[Dataset records]
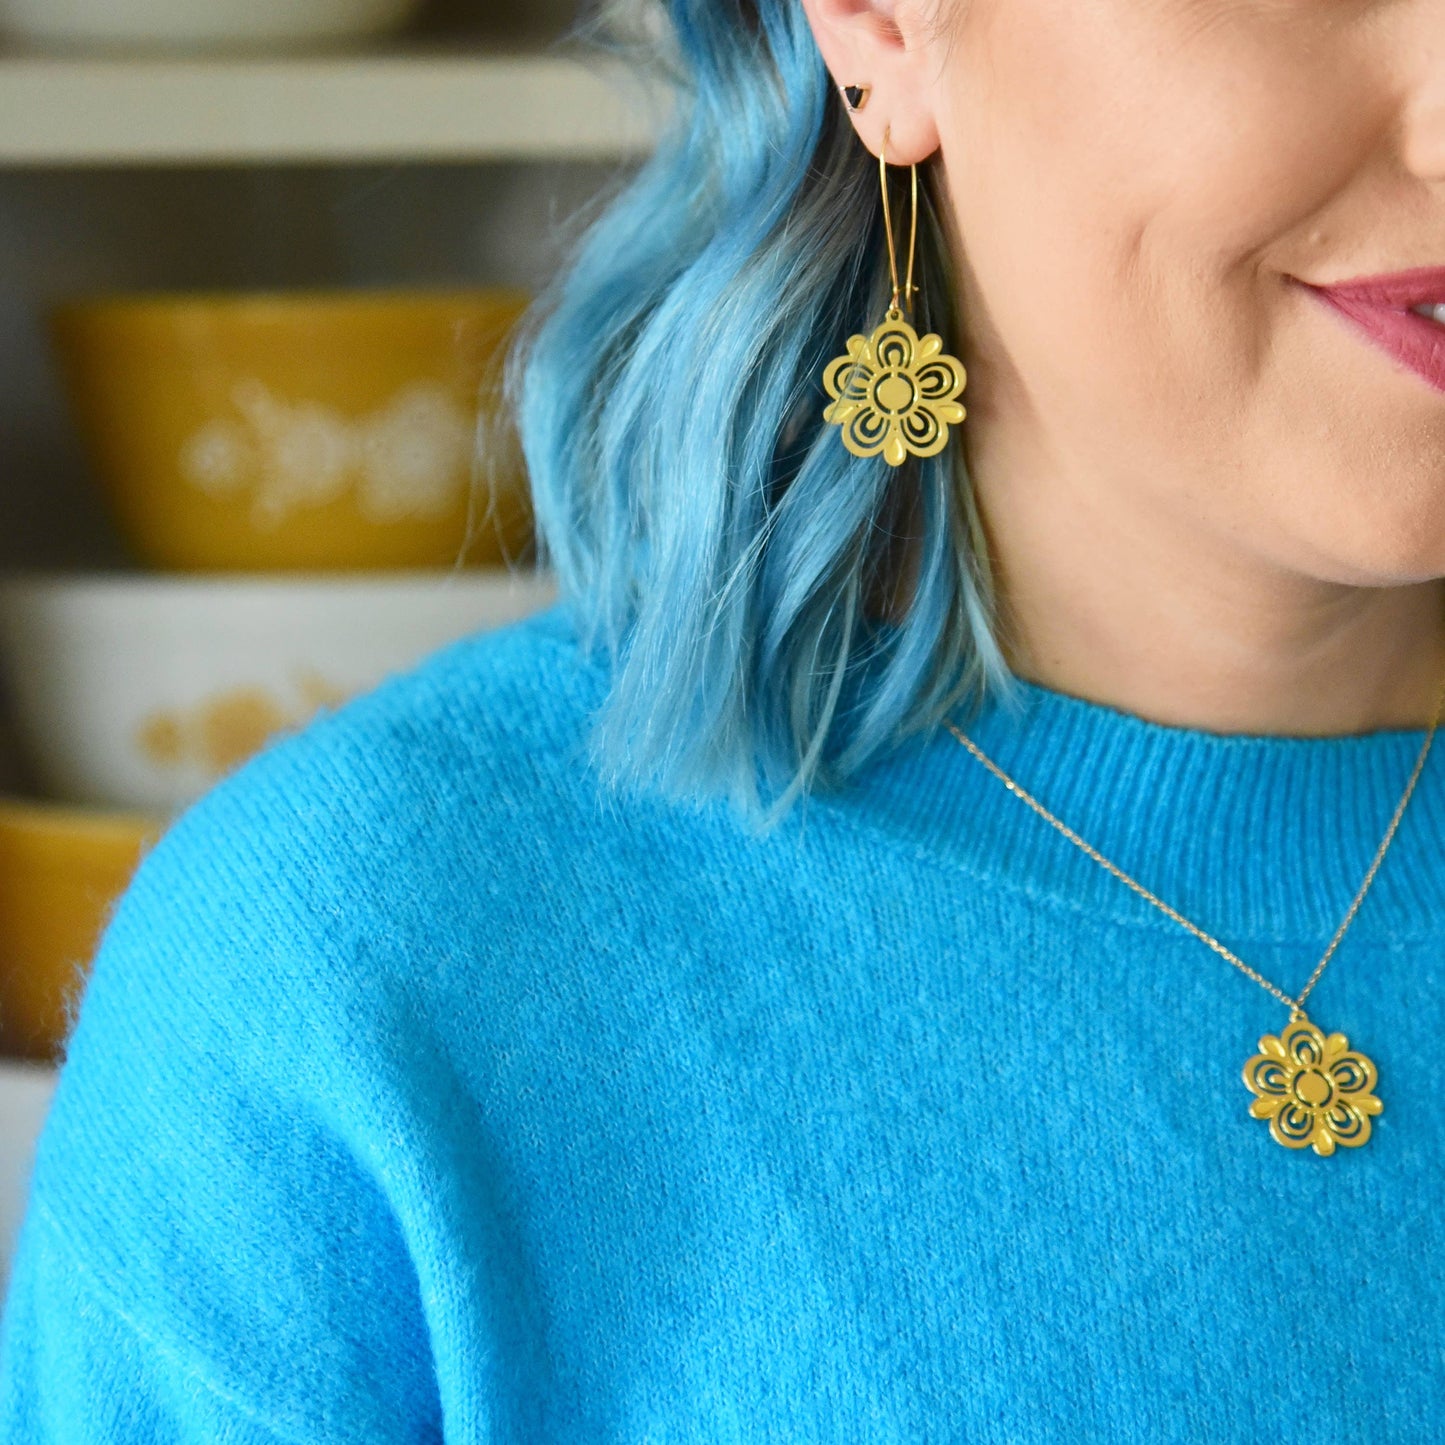 Retro Pyrex Flower Earrings | Butterfly Gold Pattern
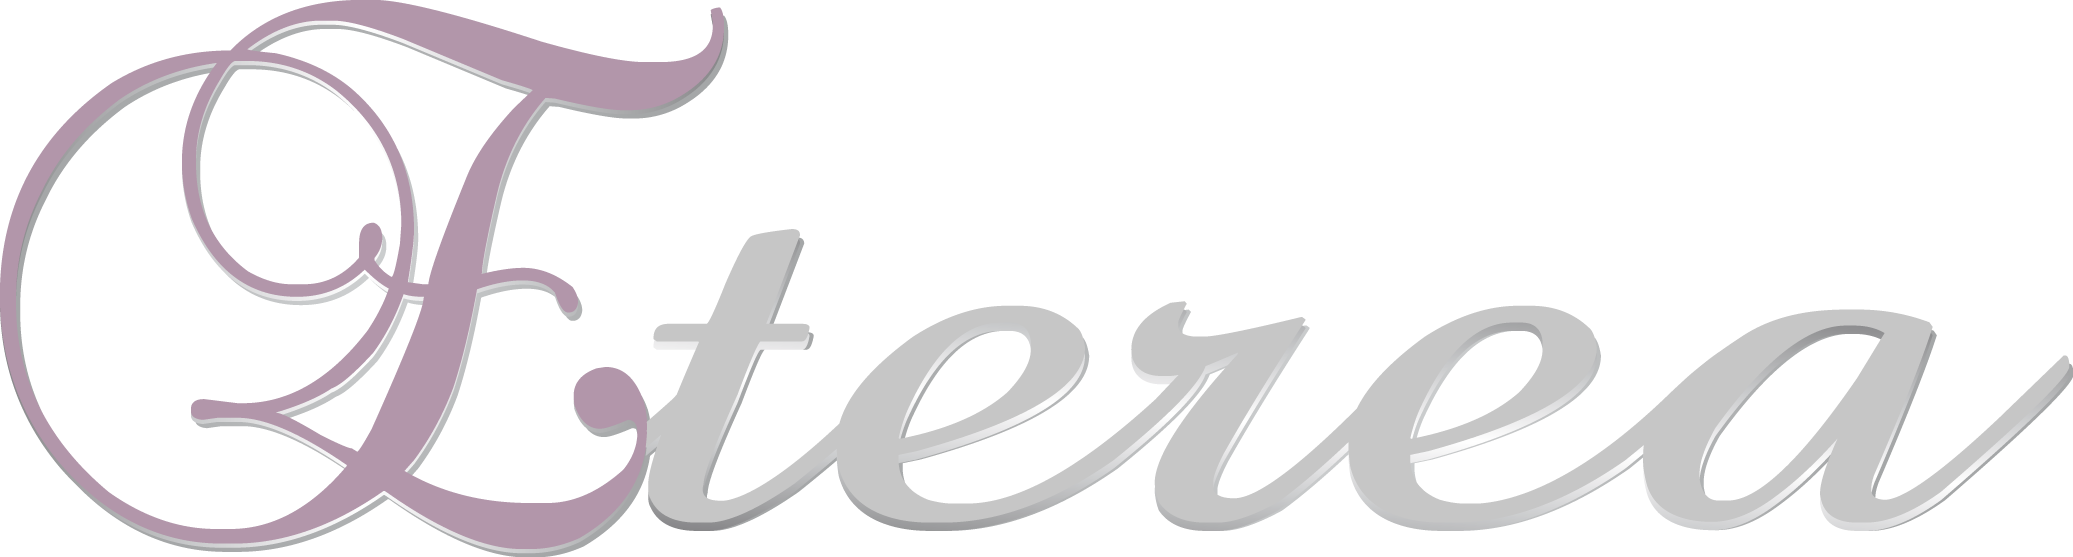 Logo Eterea - Estetica e benessere
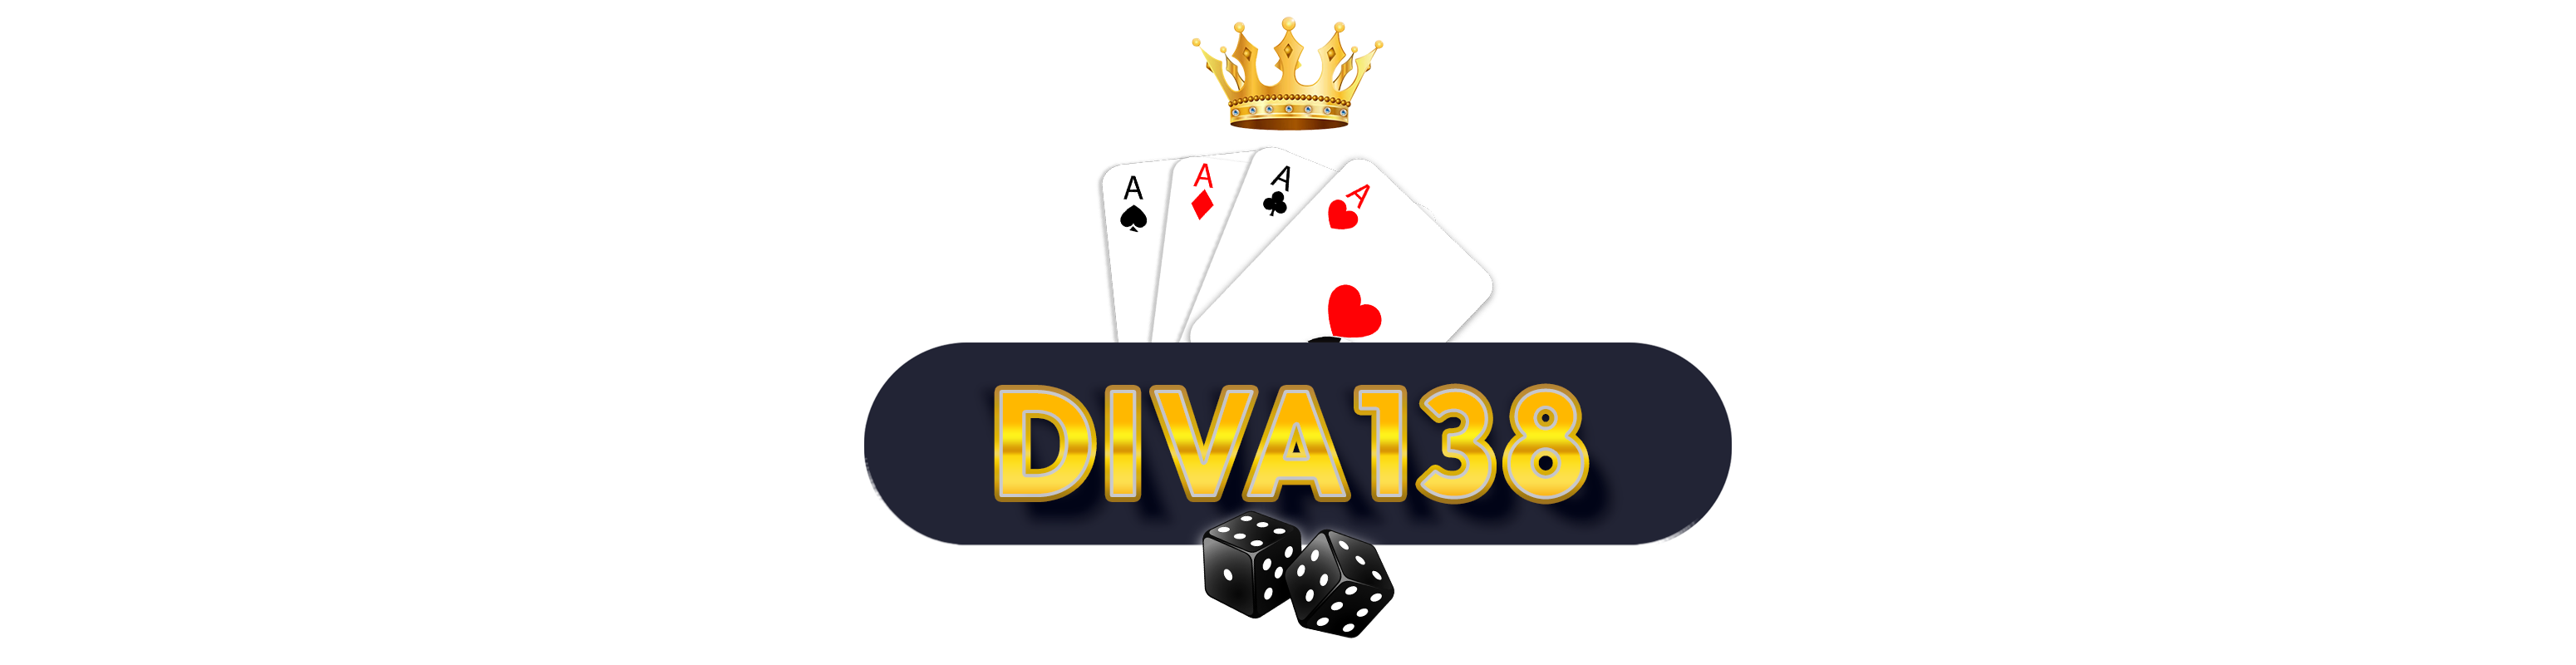 diva138
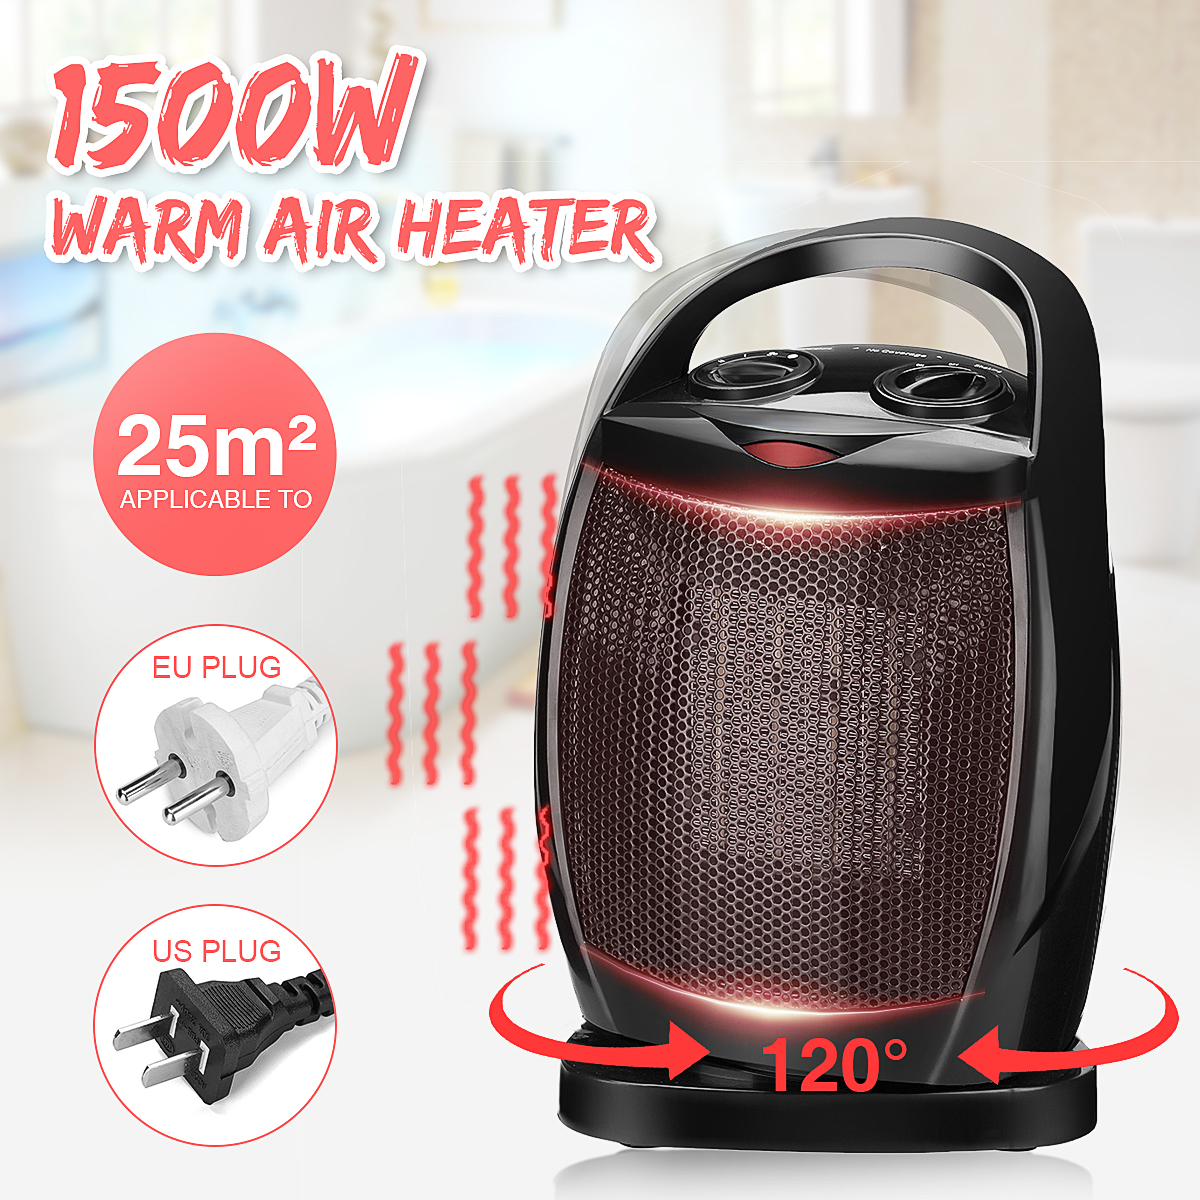 1500w air heater
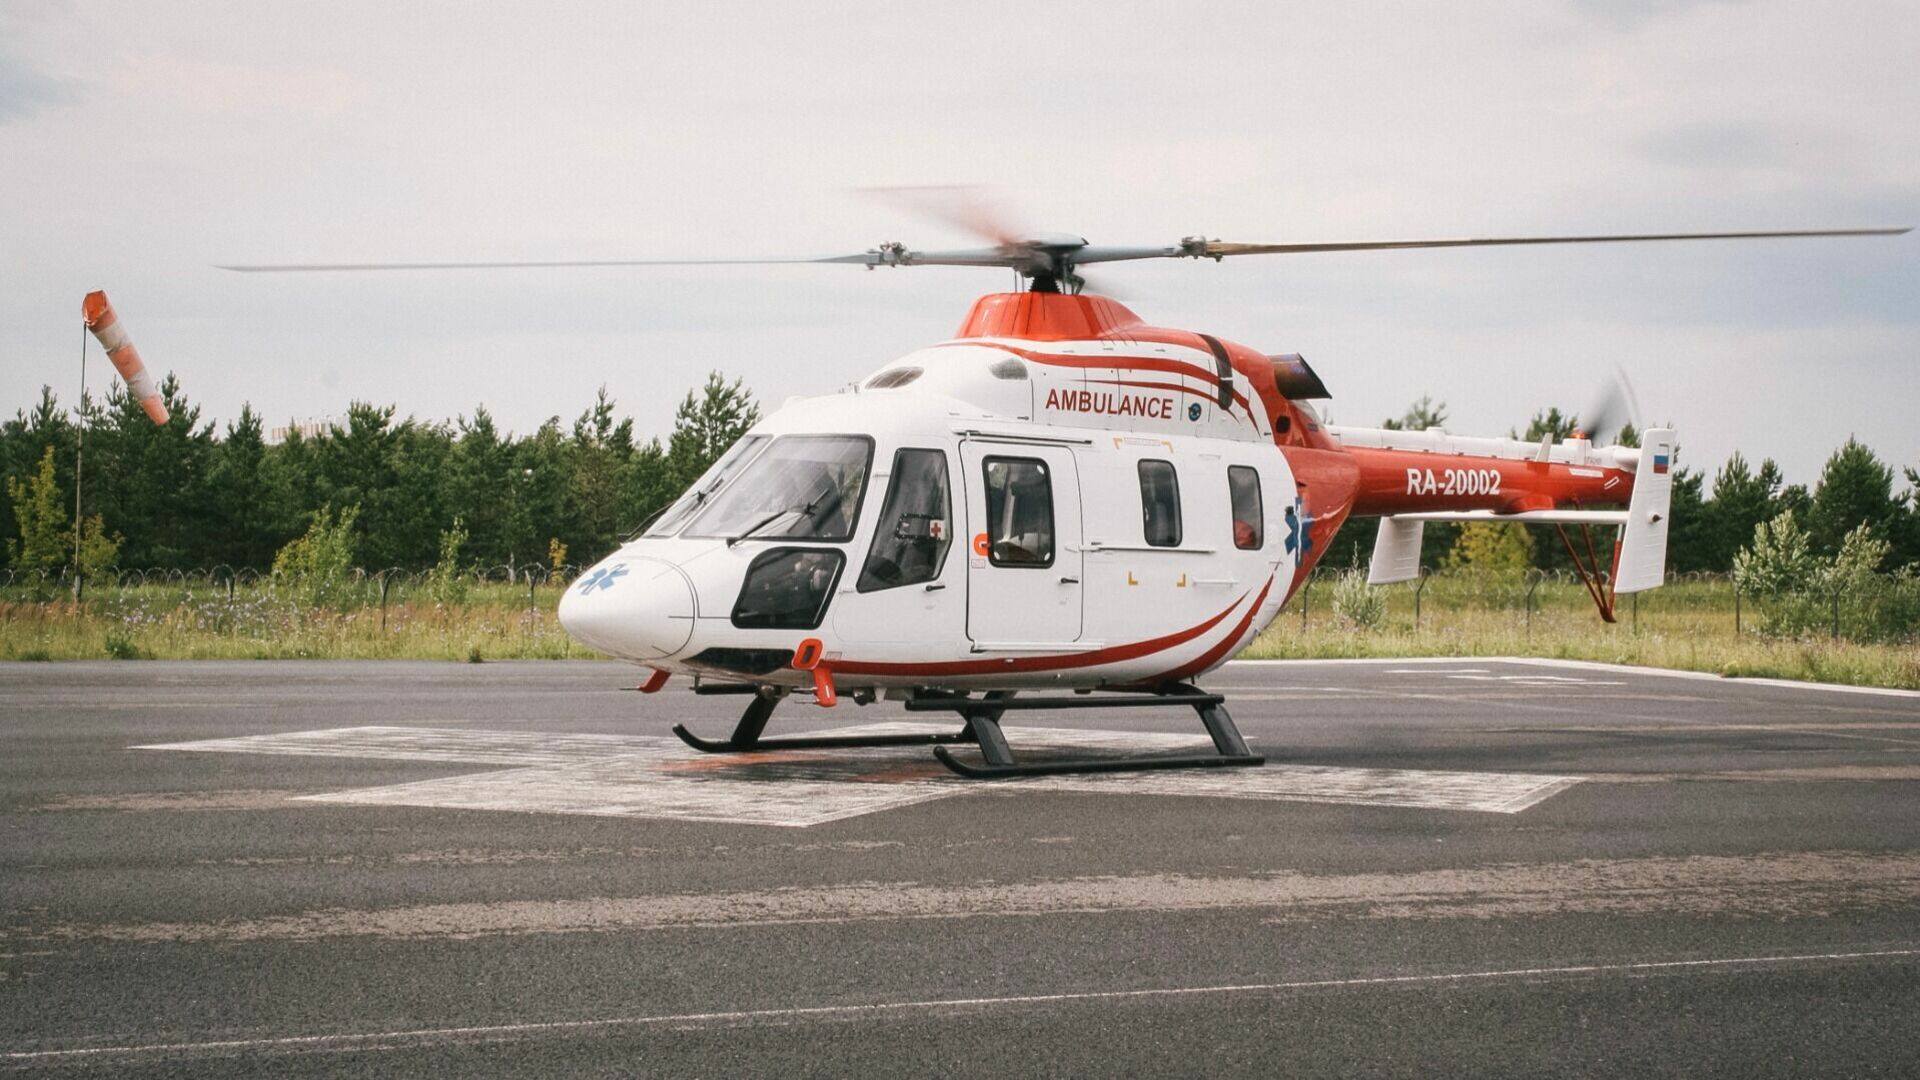 42 млн рублей стоит доставка пациентов в больницы вертолетами в Челябинской области

- _To do_:
Your task is an exact transcription of all the data, minus the pictures.

- _Solution for this problem_:
 Retro Pyrex Flower Earrings | Butterfly Gold Pattern
 Logo Eterea - Estetica e benessere
 diva138
 1500w air heater
 42 млн рублей стоит доставка пациентов в больницы вертолетами в Челябинской области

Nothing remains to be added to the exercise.